Constituídas no seio do catolicismo negro, essa instituição religiosa propiciou uma condição
de aceitação dos elementos da cultura negra no contexto brasileiro, submetendo-os a um
processo de adaptação, transformação e ressignificação diante da imposição de uma cultura
ocidental.
Constituíam-se por mulheres e homens negros integrantes da Igreja do Rosário, cuja
santa homenageada é reconhecida há tempos como padroeira dos escravizados. A lenda que
justifica a associação da santa branca aos negros e negras escravizadas possui diversas
versões.
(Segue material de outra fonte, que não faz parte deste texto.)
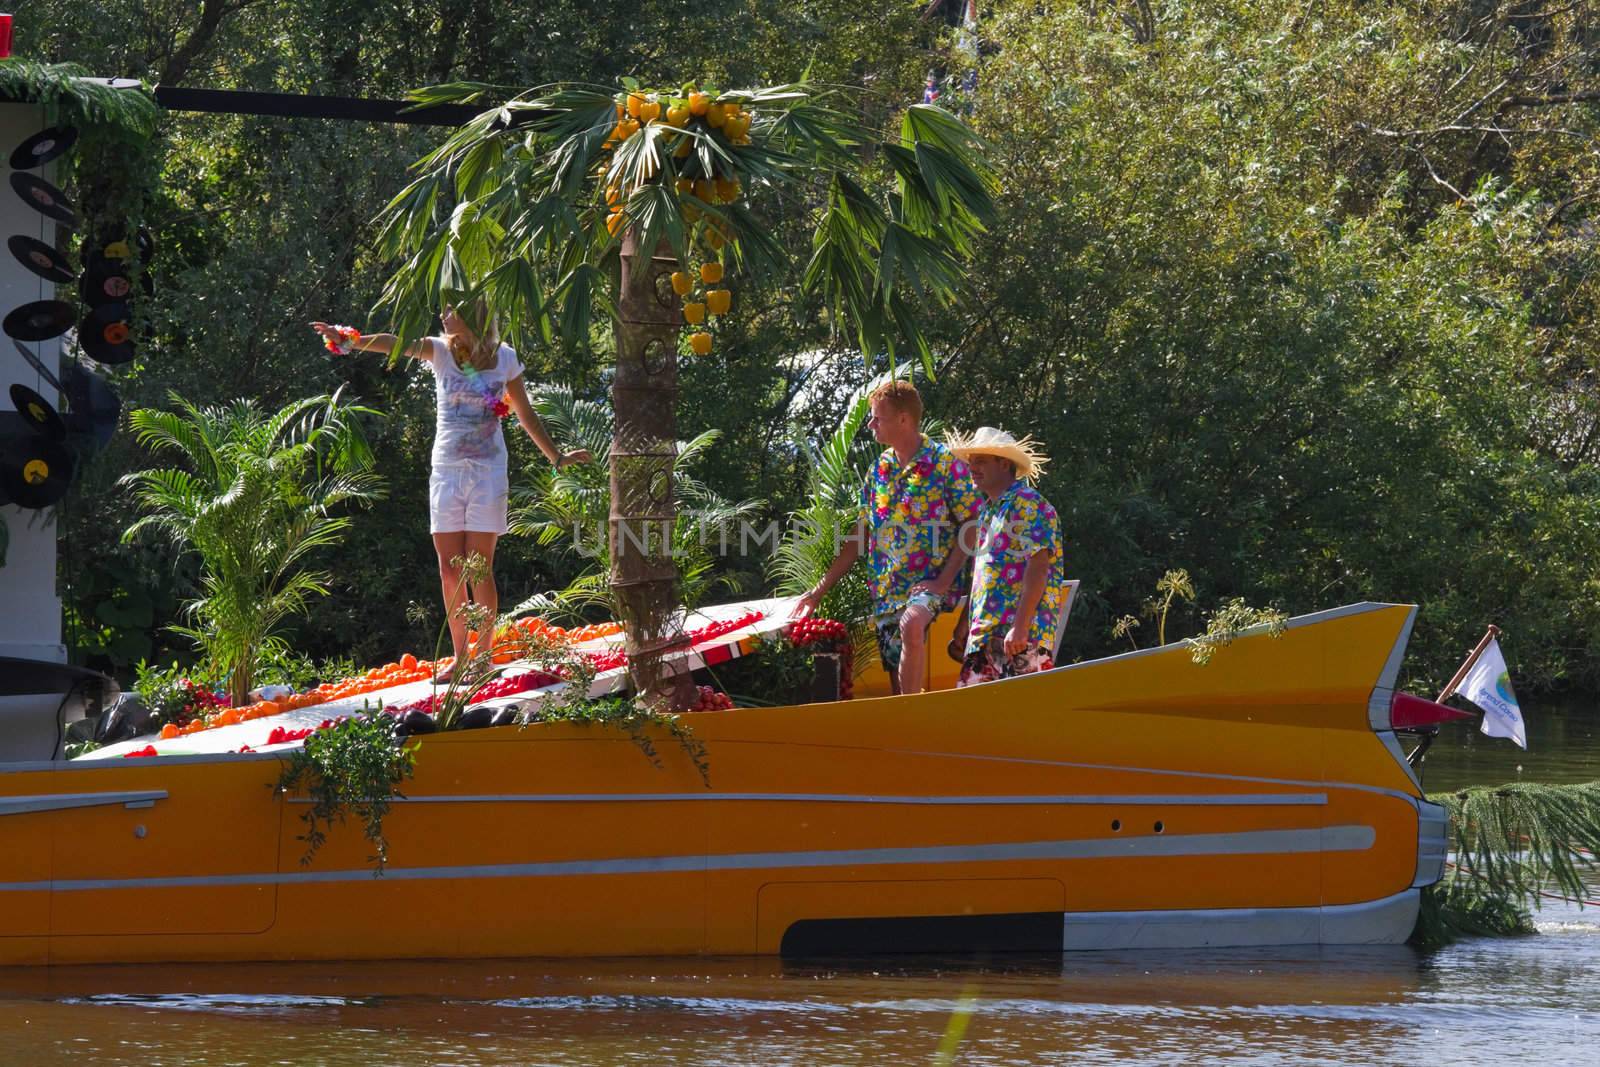 Westland Floating Flower Parade 2011, The Netherlands by Colette

Acredita-se que o culto dedicado a Rosário pela comunidade negra originou-se no
contexto de colonização dos africanos pelos portugueses.
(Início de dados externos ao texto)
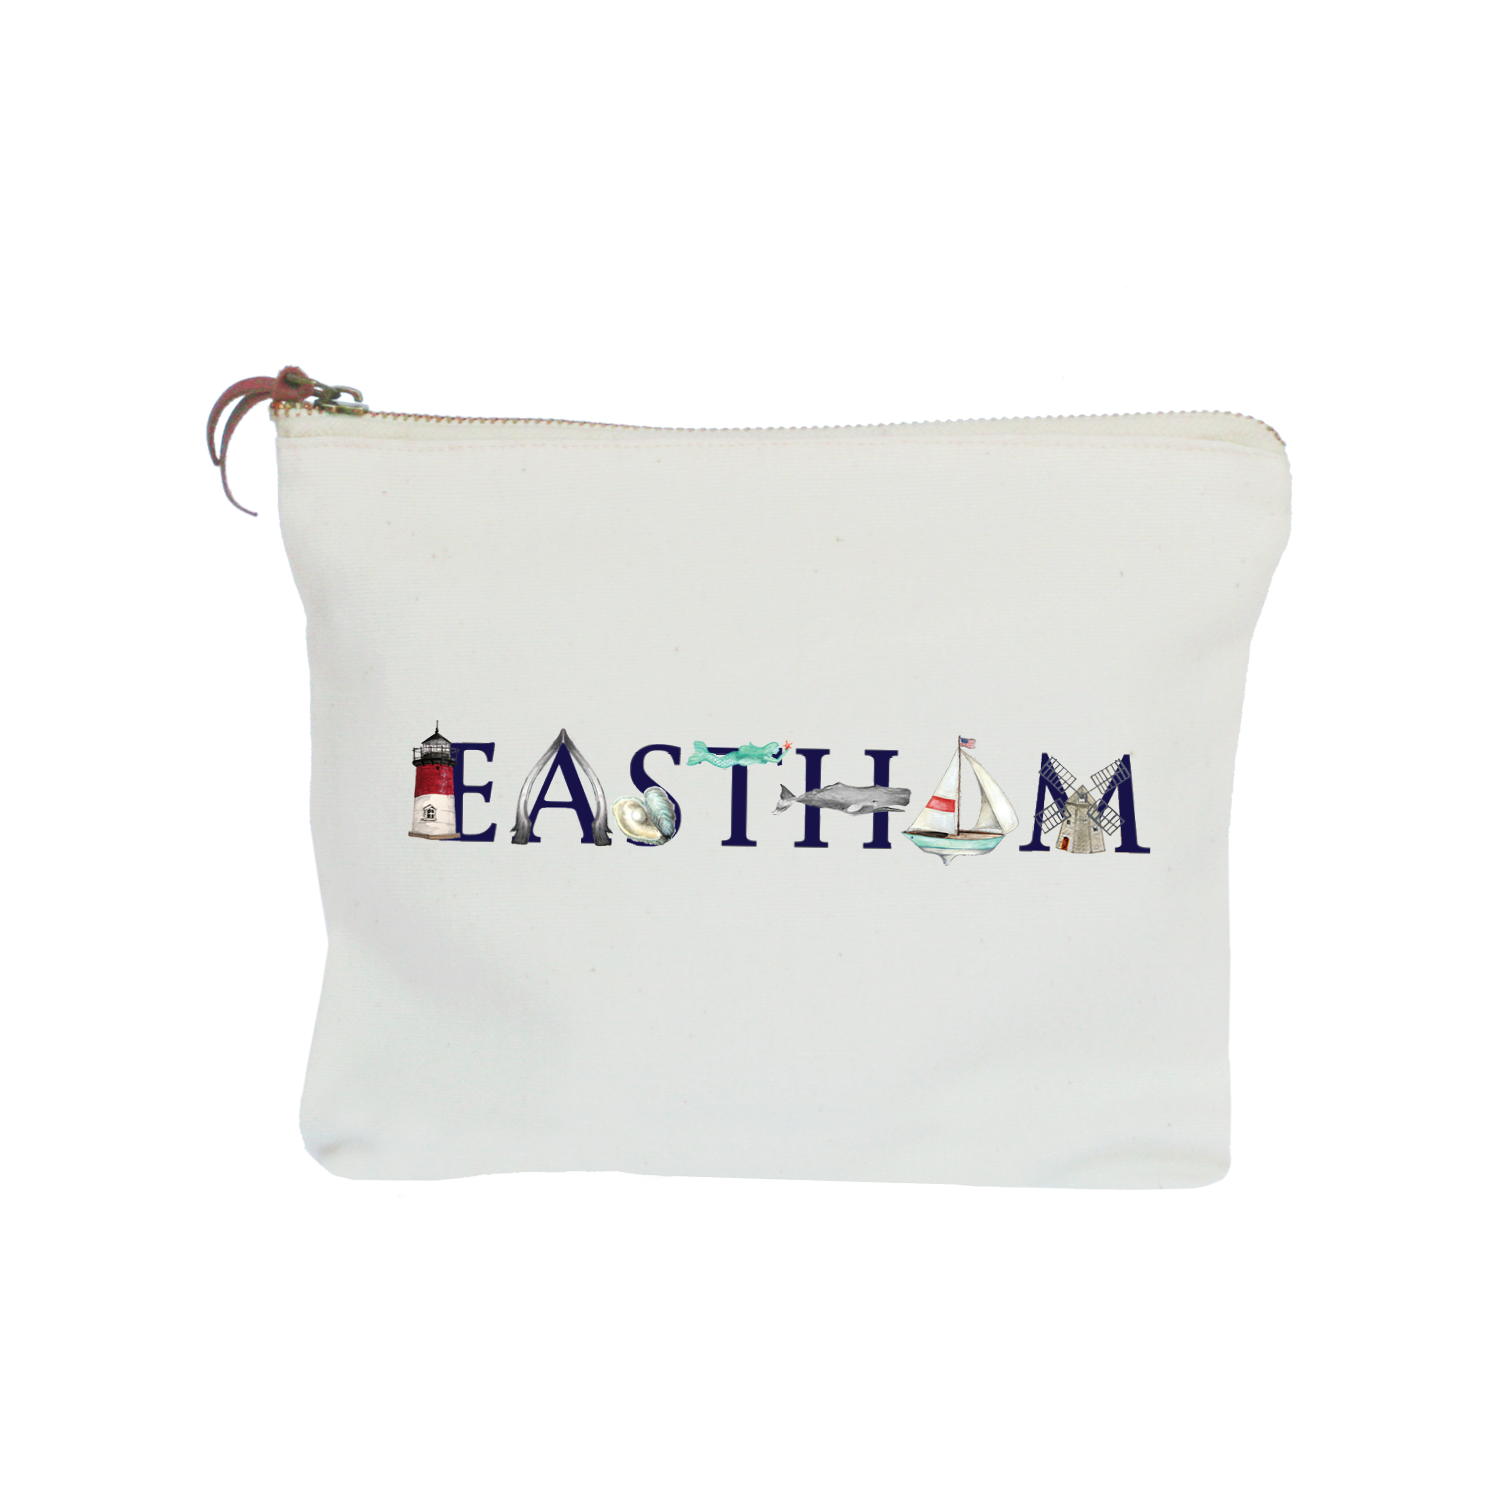 eastham zipper pouch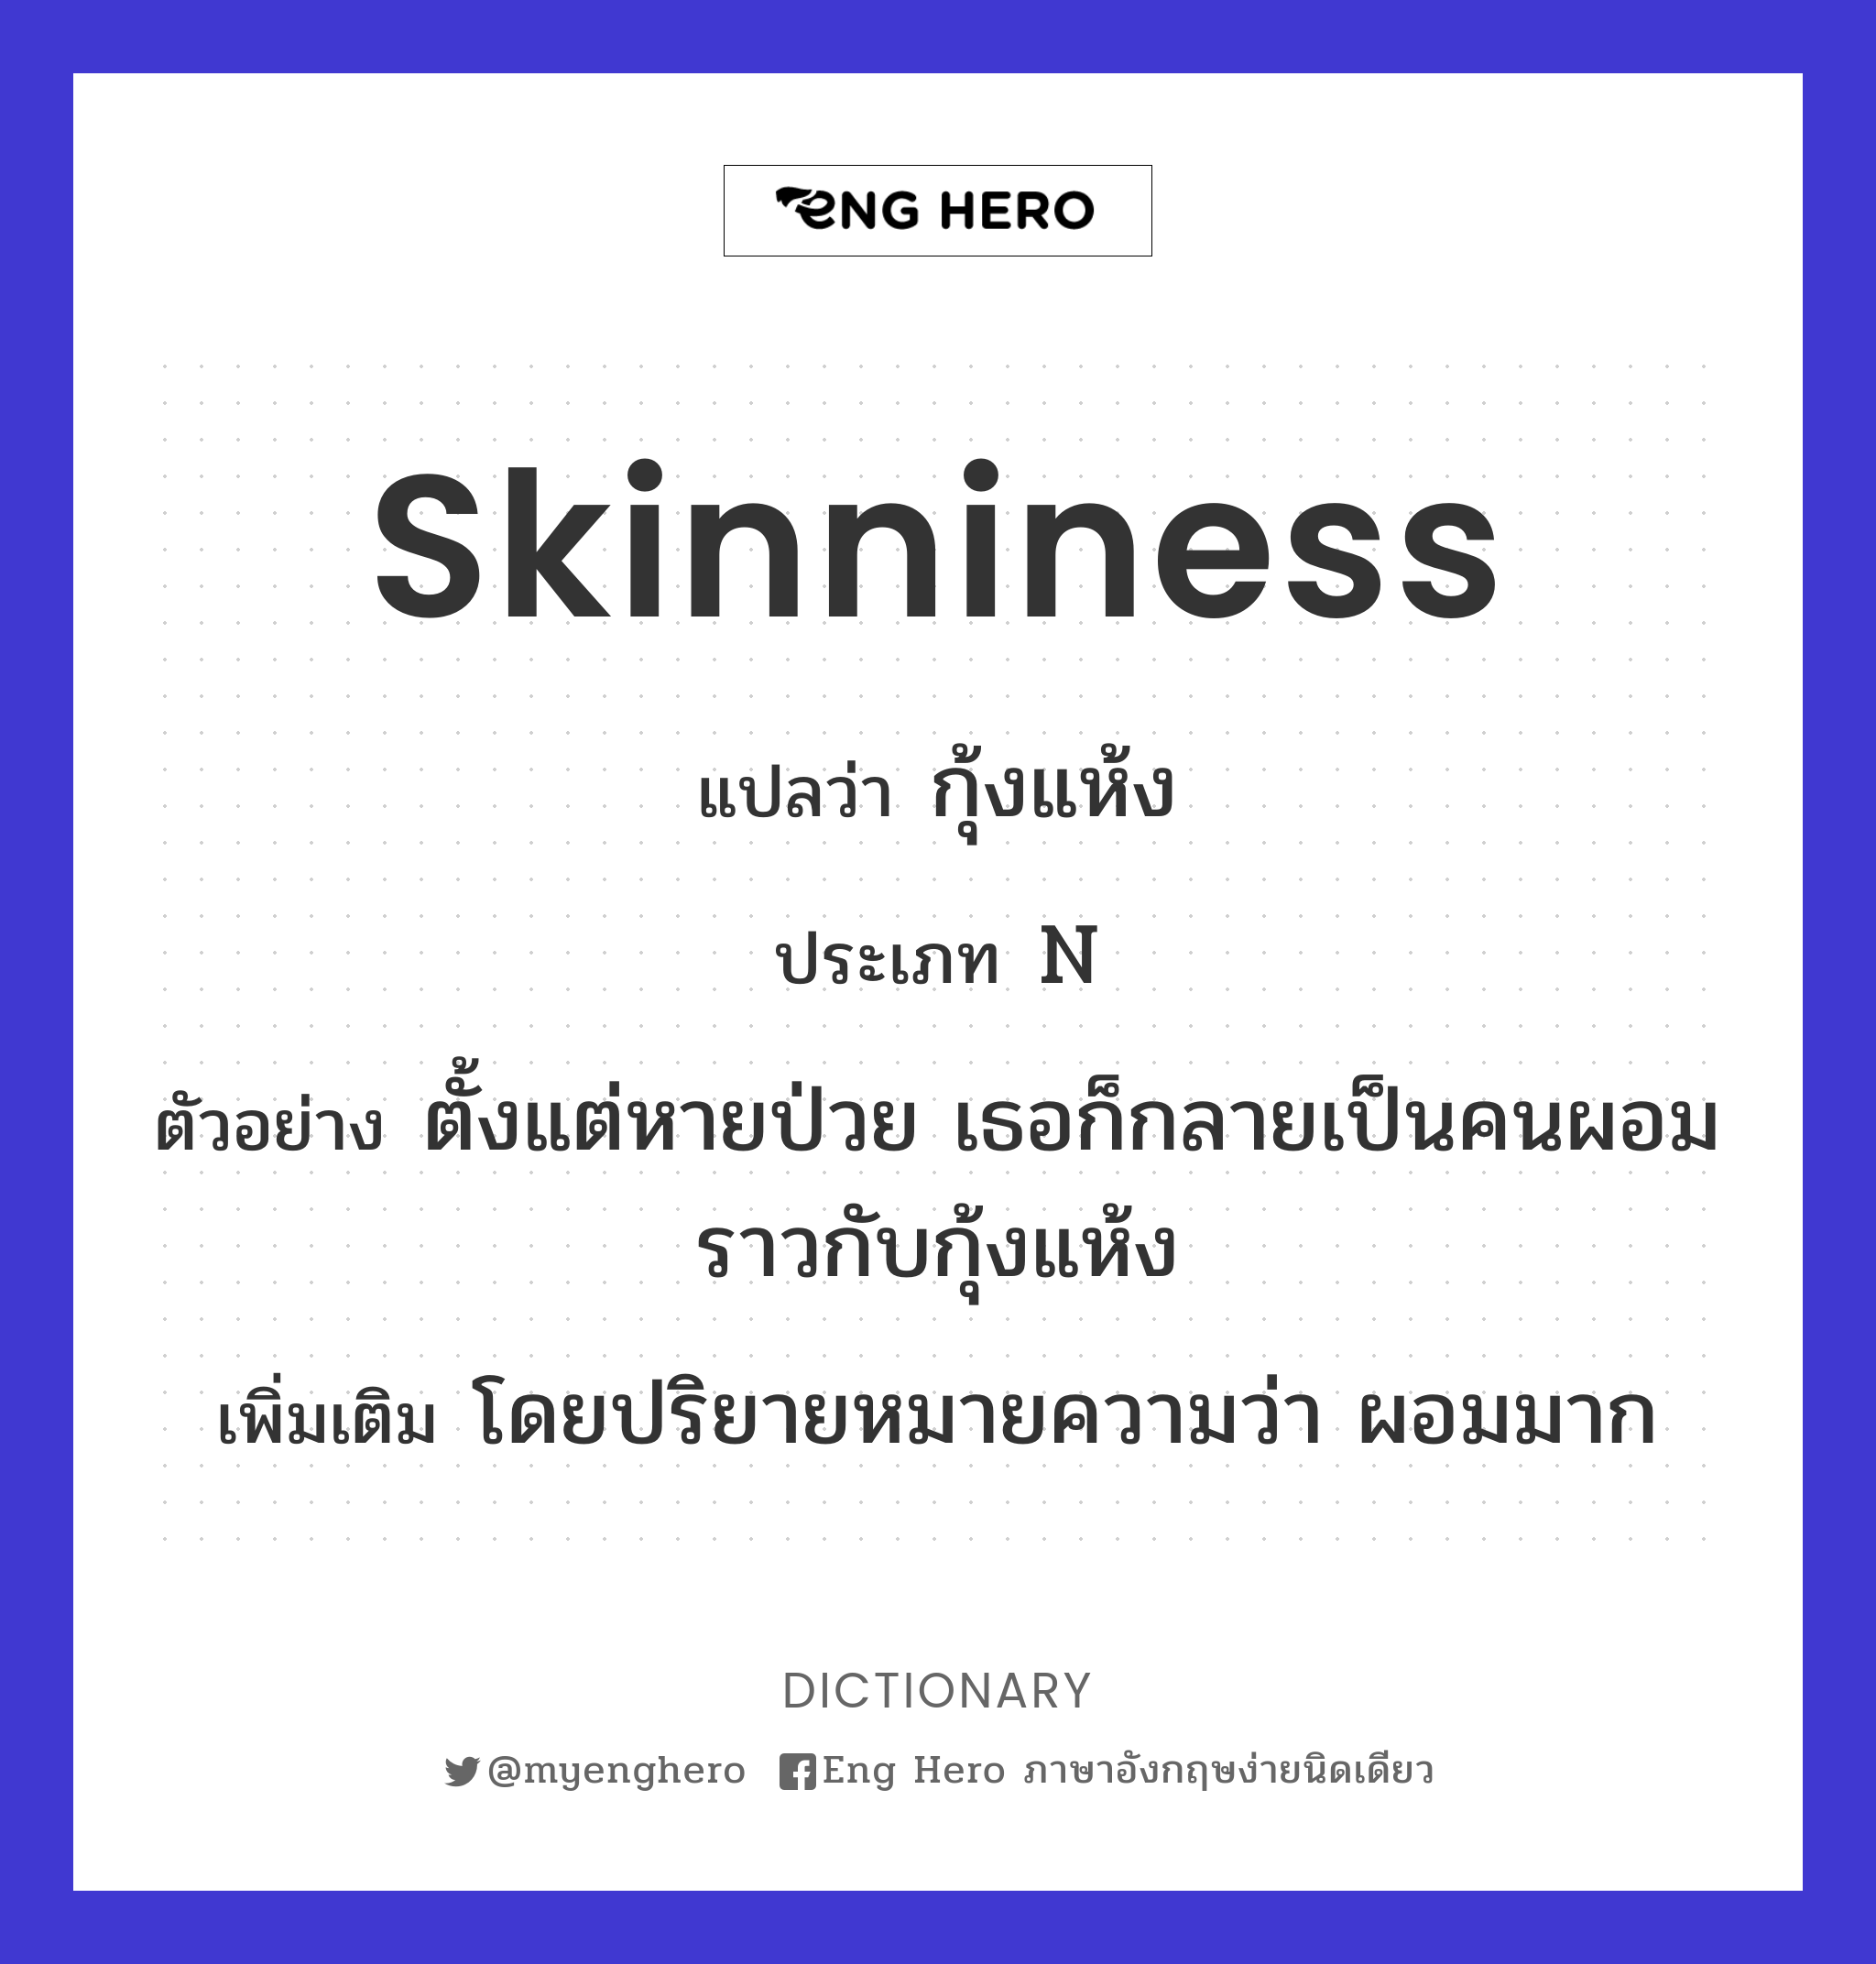 skinniness

A igreja no contexto do Novo Mundo abriga, além do catolicismo, os cultos e rituais
da comunidade negra, recuperando as matrizes da tradição bantu; é lugar de valor sacro e
também político, por configurar-se como um dos espaços sociais de resistência do/a
negro/a. Como bem define Joviano (1991) os papeis das irmandades no contexto paulistano
do século XIX constitua no

estímulo maior a solidariedade; fortalecimento do sentimento religioso pela


devoção em conjunto; possibilidade do desenvolvimento do culto dos
mortos; incremento do desejo de ser alforriado, pela adoção dos princípios
de liberdade e da compra cooperativista da respectiva carta; o ensejo das
festas coletivas sem a incômoda fiscalização do “sinhô” (JOVIANO, 1991,
p.33-34)

Contudo, vale deixar claro que nem todas as igrejas do Rosário estão associadas ao
exercício religioso, cultural e político das irmandades negras. De passagem por Embu das
Artes fui informada de que por lá havia uma Igreja do Rosário. A expectativa de entrar em
contato com mais um patrimônio da resistência negra naquele lugar logo se esvaiu ao saber
que se tratava, na realidade, de uma igreja erguida no século XVII a pedido da Sra. Catarina
Camacha, dona de terra, por sua vez branca e devota de Nossa Senhora do Rosário. Segundo
informação dada pela funcionária do local, a construção ficou a cargo dos índios escravizados
que Catarina doara aos jesuítas instalados na região para serem mãos de obras e convertidos à
fé católica. A igreja integra o Museu dos Jesuítas e fica localizada no Largo dos Jesuítas,
centro comercial e histórico de Embu das Artes.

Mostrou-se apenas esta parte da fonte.